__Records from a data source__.
________________

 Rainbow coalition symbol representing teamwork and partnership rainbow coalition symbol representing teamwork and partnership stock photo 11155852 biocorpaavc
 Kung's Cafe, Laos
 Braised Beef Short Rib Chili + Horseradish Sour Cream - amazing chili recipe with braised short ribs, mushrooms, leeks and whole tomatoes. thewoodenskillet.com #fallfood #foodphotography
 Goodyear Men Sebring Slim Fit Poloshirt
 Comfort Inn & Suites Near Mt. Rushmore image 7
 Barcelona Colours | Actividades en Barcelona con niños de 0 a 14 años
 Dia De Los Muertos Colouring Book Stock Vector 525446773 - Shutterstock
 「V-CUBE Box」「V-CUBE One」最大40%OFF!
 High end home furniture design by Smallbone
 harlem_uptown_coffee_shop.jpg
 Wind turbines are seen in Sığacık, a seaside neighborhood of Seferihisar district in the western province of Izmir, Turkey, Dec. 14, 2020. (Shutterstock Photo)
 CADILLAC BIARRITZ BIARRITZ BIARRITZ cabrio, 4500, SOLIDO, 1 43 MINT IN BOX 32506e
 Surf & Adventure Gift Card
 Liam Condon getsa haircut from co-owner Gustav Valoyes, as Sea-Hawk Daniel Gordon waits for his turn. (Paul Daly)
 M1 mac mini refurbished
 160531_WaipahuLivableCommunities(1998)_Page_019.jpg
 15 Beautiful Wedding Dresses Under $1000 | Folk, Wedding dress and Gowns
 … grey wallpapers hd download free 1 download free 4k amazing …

________________

__REQUIRED ACTION__. Scan the entries above for the string "amazing" and copy each line that contains it.

__SOLUTION TO THIS TASK__.
 Braised Beef Short Rib Chili + Horseradish Sour Cream - amazing chili recipe with braised short ribs, mushrooms, leeks and whole tomatoes. thewoodenskillet.com #fallfood #foodphotography
 … grey wallpapers hd download free 1 download free 4k amazing …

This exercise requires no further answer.